Availability of cell context representation
单元上下文表示的可用性

This feature enables the output of both cell context representation (the cellular context information is encoded) and the spatial domain label for each cell. The context representation is a fixed-length vector for each cell, which may be useful for additional downstream analysis like those in single-cell analysis. The additional analysis might include pseudo-space analysis20,59 (similar to the pseudo-time analysis in single-cell analysis60,61,62), data visualization (for example using t-SNE63, UMAP64, and PHATE65), differential expression analysis66,67 (this requires the representation to be biologically meaningful, i.e., interpretable), and other analysis implemented in single-cell packages like SCANPY50 or Seurat68. GNN-based methods generally output both the context representation and spatial domain labels, and the latter is generally obtained by clustering on the former. Among BN-based methods, those based on Markov random fields (e.g., BayesSpace and BASS) generally do not output the context representation.
此功能支持输出每个细胞的细胞上下文表示(细胞上下文信息被编码)和空间域标签。
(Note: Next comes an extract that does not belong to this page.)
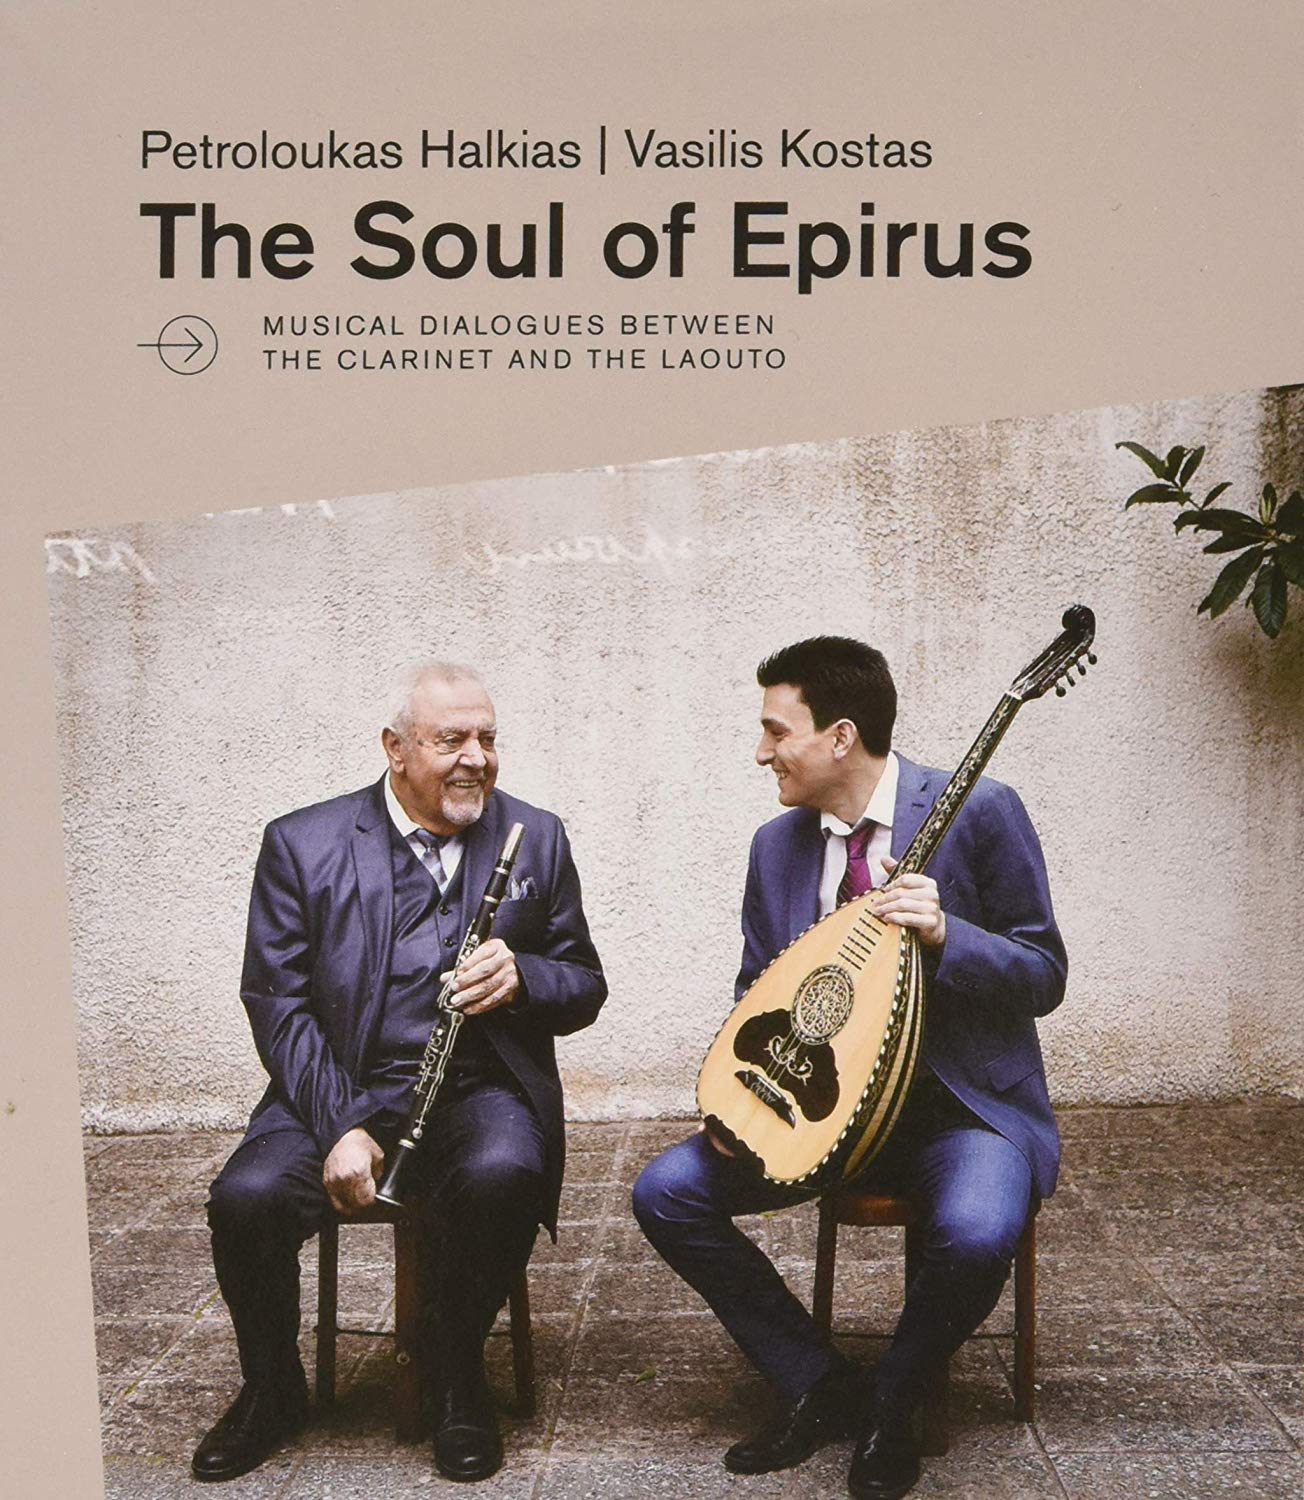 Audio Cd Petroloukas Halkias & Vasilis Kostas - The Soul Of Epirus NUOVO SIGILLATO, EDIZIONE DEL 04/10/2019 SUBITO DISPONIBILE

上下文表示是每个细胞的固定长度向量,这对于额外的下游分析(如单细胞分析中的分析)可能有用。附加分析可能包括伪空间分析 20,59 (类似于单细胞分析中的伪时间分析 60,61,62 )、数据可视化(例如使用 t-SNE 63 、 UMAP 64 和 PHATE 65 )、差异表达分析 66,67 (这要求表示具有生物学意义,即可解释),以及在单细胞包中实现的其他分析,例如 SCANPY 50 或 Seurat 68 。基于 GNN 的方法通常同时输出上下文表示和空间域标签,后者通常是通过对前者进行聚类来获得的。在基于 BN 的方法中,基于马尔可夫随机场的方法(例如 BayesSpace 和 BASS)通常不输出上下文表示。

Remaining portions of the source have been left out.